To store character strings and binary data that might exceed 8,000 bytes, use the text, ntext, and image datatypes. For example, to store large text files (.txt), you would define a column as text or ntext depending on the requirement for Unicode support. For storing images (.gif), a better choice would be the image datatype.
Although SQL Server has a page size of 8KB, text and image data up to 2GB can be stored. By default, these datatypes actually store a 16-byte pointer in the row, which maps to separate data pages where fragments of the large object are stored. SQL Server can retrieve these fragments and piece them back together when required. New for SQL Server 2000 is the table option text in row. This option allows you to specify that text, ntext, and image data below a certain size are stored inline. This means that rather than a pointer, the data is stored in the row. The default value for text in row is 256 bytes, and can range from 24 to 7,000 bytes. Storing the data inline will provide faster retrieval of the object, at the expense of increased row size.
The following statement specifies text in row to store objects less than 500 bytes inline for the orders table:
EXEC sp_tableoption 'orders', 'text in row' , '500'
The uniqueidentifier datatype is used to generate a globally unique identifier. The datatype does not generate this value; rather, it is used in conjunction with the ROWGUIDCOL property and the NEWID() function. The value generated is guaranteed to be unique across all network computers worldwide. This is useful in situations such as merge replication, in which multiple copies of the same row must be identified as unique across multiple servers.

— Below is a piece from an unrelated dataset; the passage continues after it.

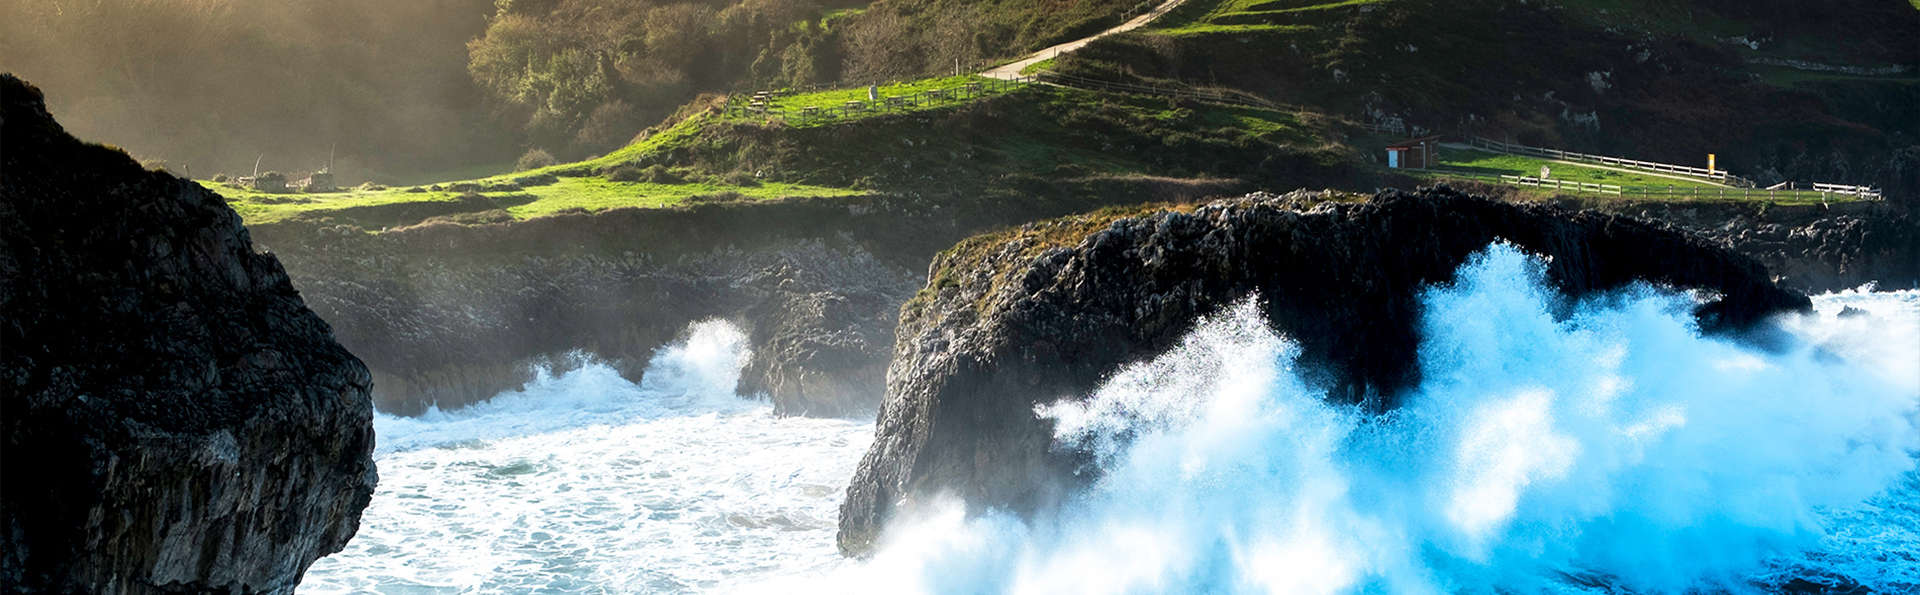 Escapada en Llanes entre los Bufones de Arenillas y la roca Ídolo de Peña Tú

timestamp generates an 8-byte binary number unique within the database. The primary use of timestamp is to determine row version. Although unique, timestamp is incremented with each insert, or update to a row; it is not a good candidate for a primary key. SQL Server 2000 provides a synonym for timestamp called rowversion. It is recommended that you now use rowversion because timestamp is an ANSI-92 keyword that is synonymous to datetime. Despite what its name implies, the value in a timestamp column has no correlation to an actual date and time when the row was last modified.

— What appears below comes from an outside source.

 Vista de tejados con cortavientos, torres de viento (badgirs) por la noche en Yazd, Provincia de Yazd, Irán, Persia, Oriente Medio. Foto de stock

Date and time information is stored in the datetime and smalldatetime datatypes. The difference is in the amount of precision and the storage required. Table 12.3 compares the two datatypes.

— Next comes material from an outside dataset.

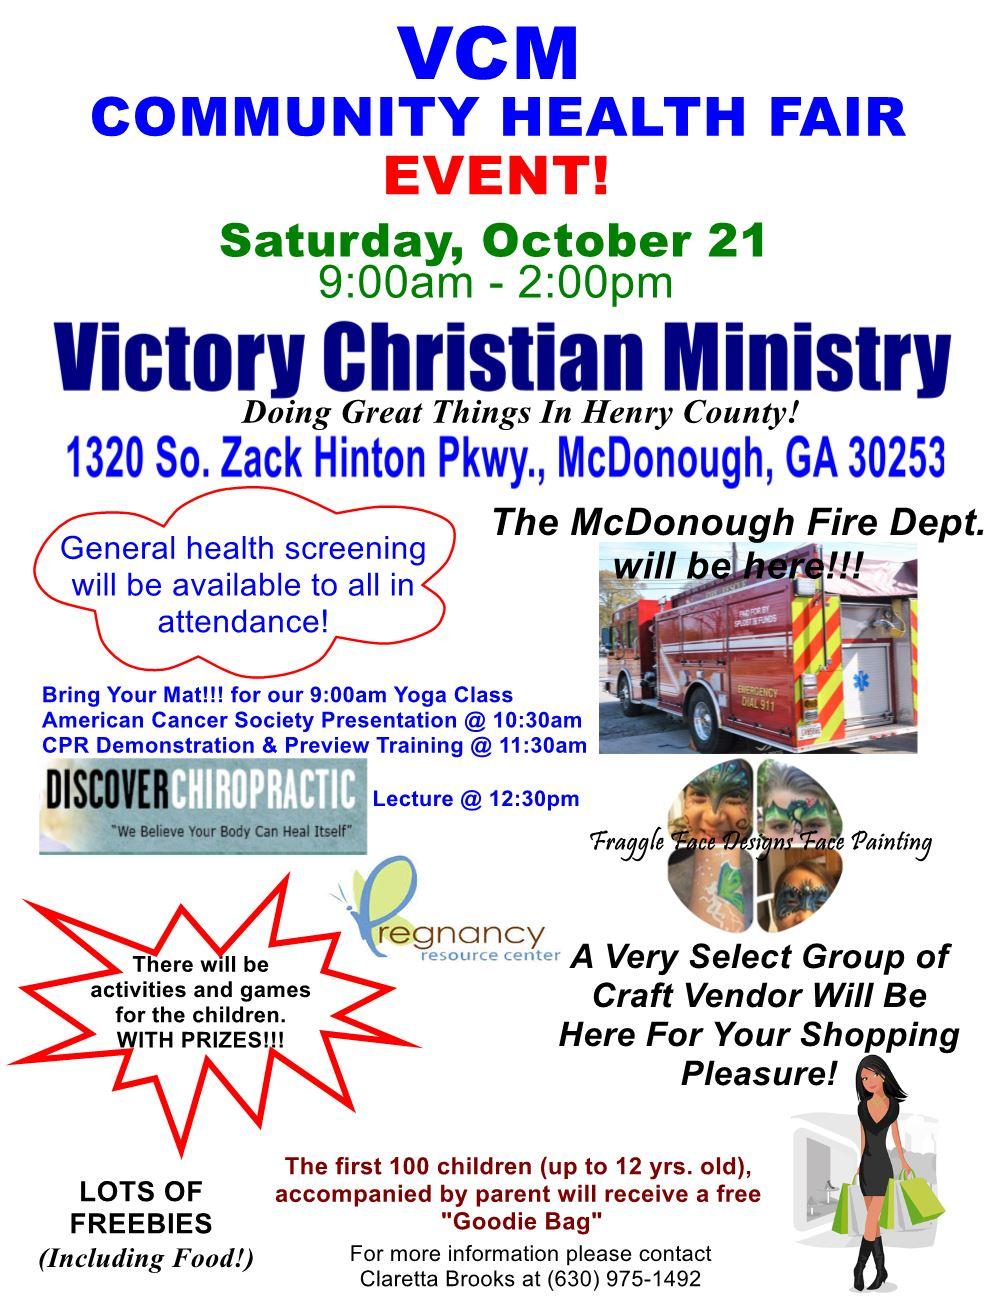 VCM Community Health Fair

datetime | smalldatetime | |
---|---|---|
Storage size | 8 bytes | 4 bytes |
Precision | 3/100 second | 1 minute |
Minimum value | Jan. 1, 1753 | Jan. 1, 1990 |
Maximum value | Dec. 31, 9999 | June 6, 2079 |
There are no datatypes in SQL Server that store only a date or only a time. If you insert a date value without a time into a datetime or smalldatetime field, the time will default to midnight on that date:
create table datetest (datecol datetime not null) go insert datetest values ('4/4/66') go select * from datetest
If you specify a time value without a date, the date defaults to January 1, 1900:
insert datetest values ('12:51:35') go select * from datetest
When inputting date values into a datetime or smalldatetime field, the value specified will be a character string containing a datetime value. SQL Server supports a number of different date formats:
monthname dd[,] yy[yy]
dd monthname yy[yy]
yyyy monthname dd
mm/dd/yy[yy]
mm-dd-yy[yy]
mm.dd.yy[yy]
[yy]yymmdd
When U.S. English is the default language, the default date order is month day year (mdy). You can use the SET DATEFORMAT command to change the default date format to something else like mdy or ymd.
Time values can be specified using a 12-hour or 24-hour clock as hh[:mm[:ss[: | .]xxx]] [AM | PM].
If you simply want to store on/off or true/false values, you can use the bit datatype. Valid values are 1, 0, or NULL. The bit datatype uses one byte of storage to hold the bit entry. That is not entirely wasteful because if you have multiple bit datatypes, up to 8-bit datatypes can share the same byte.